Twenty-four days after the signing of the consent decree, petitioner, respondent and the trustees executed another instrument, wherein it was recited that a doubt had arisen in regard to the construction of specified portions of the supplemental agreement of December 1, 1922, and the purpose of such instrument was to clarify such ambiguities. The matters clarified were in reference to specified duties of the trustees in respect to the use of insurance money in the event the buildings on the property should burn, payment of taxes and the right of respondent in the event taxes were not paid by the trustees. A second clarification agreement was executed which referred to the character of respondent’s lien and to the property it covered. Each of them reaffirmed the contracts. Respondent contended the execution of these two instruments constituted a new agreement embodying the terms of the previously executed trust indentures and agreements. The supplemental trust indenture made provision for the clarification instruments to be subsequently executed. The fact that, when executed, they ratified and confirmed the prior instruments does not alter the effect that had been given to them by merging them in the decree. The subject matter of the clarification instruments was in reference to the provisions of the decree.

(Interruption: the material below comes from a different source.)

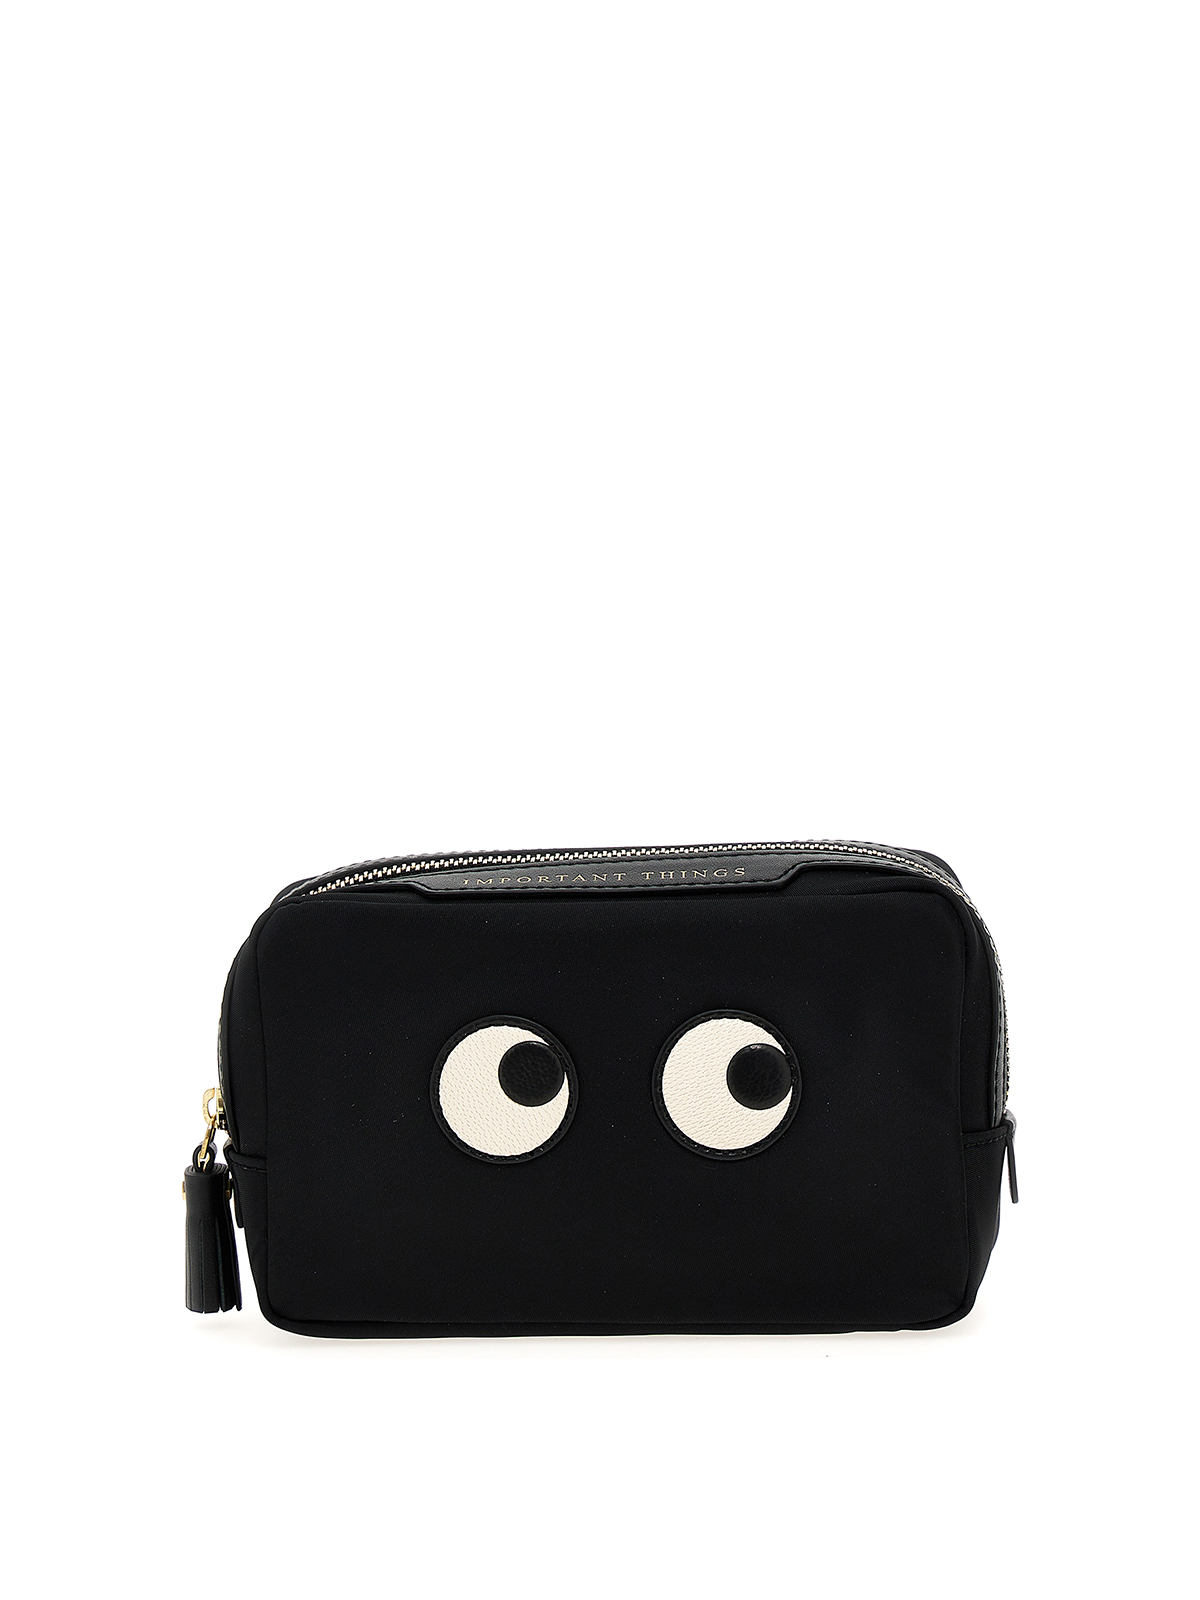 Cases & Covers Anya Hindmarch - Important things eyes pouch

The questioned provision of the amendment of section 18 of the Divorce act is the proviso “that a party shall not be *373entitled to alimony and maintenance after remarriage.” It is urged that if this clause is given effect, and respondent’s right to alimony taken away by reason of her remarriage, it takes from her vested rights contrary to the constitutional guaranties.

Prior to the amendment, the general rule adopted by the courts was, that remarriage of a woman, who was receiving alimony from her former husband, was such a ■change of condition as to authorize a modification of the decree to the extent of canceling the alimony payments. (Stillman v. Stillman, 99 Ill. 196; Maginnis v. Maginnis, supra.) The amendment merely adopted the general rule and made it mandatory upon the court to cancel alimony payments in all cases where the recipient had remarried, regardless of whether or not there had been a change in the financial condition of the former husband. Respondent’s rights to quarterly payments came from the provisions of the decree of December 2, for the contractual provisions in reference to such payments had been merged in that decree. When the decree was entered, section 18 conferred the power upon the court to modify it under proper circumstances, and respondent’s rights to quarterly payments as fixed by the decree were subject to be changed by the court on proper showing. Her rights became fixed as to accrued payments, but as to all payments maturing in the future she had no vested right. The trial court did not undertake to give the statute a retroactive effect for the decree made the modification effective as of the date of the filing of the petition. The amendment of 1933 to section 18 of the Divorce act does not affect any vested rights of respondent.

Furthermore, the chancellor of the circuit court did not err in holding the estate and income of petitioner had suffered material impairment to an extent rendering further payments of alimony inequitable. This was a question of fact, and the master and the chancellor were in accord in believing the evidence supported the petitioner. Our in*374spection of the same evidence convinces us the master and chancellor were right in believing therefrom that the estate and income of the petitioner had suffered very material impairment, and it would be inequitable to continue the payments of alimony.

The trial court was correct in holding the provision of the quarterly payment of $1150, as provided for in the supplemental trust indenture and agreement of December 1, 1922, was merged in the decree and, as such, became a provision for alimony and subject to modification. Either the remarriage of respondent, or the material impairment of the estate and income of petitioner, required a cancellation of all payments of alimony maturing after the date of the filing of the petition.

Decree affirmed.

Mr. Justice Shaw took no part in this decision.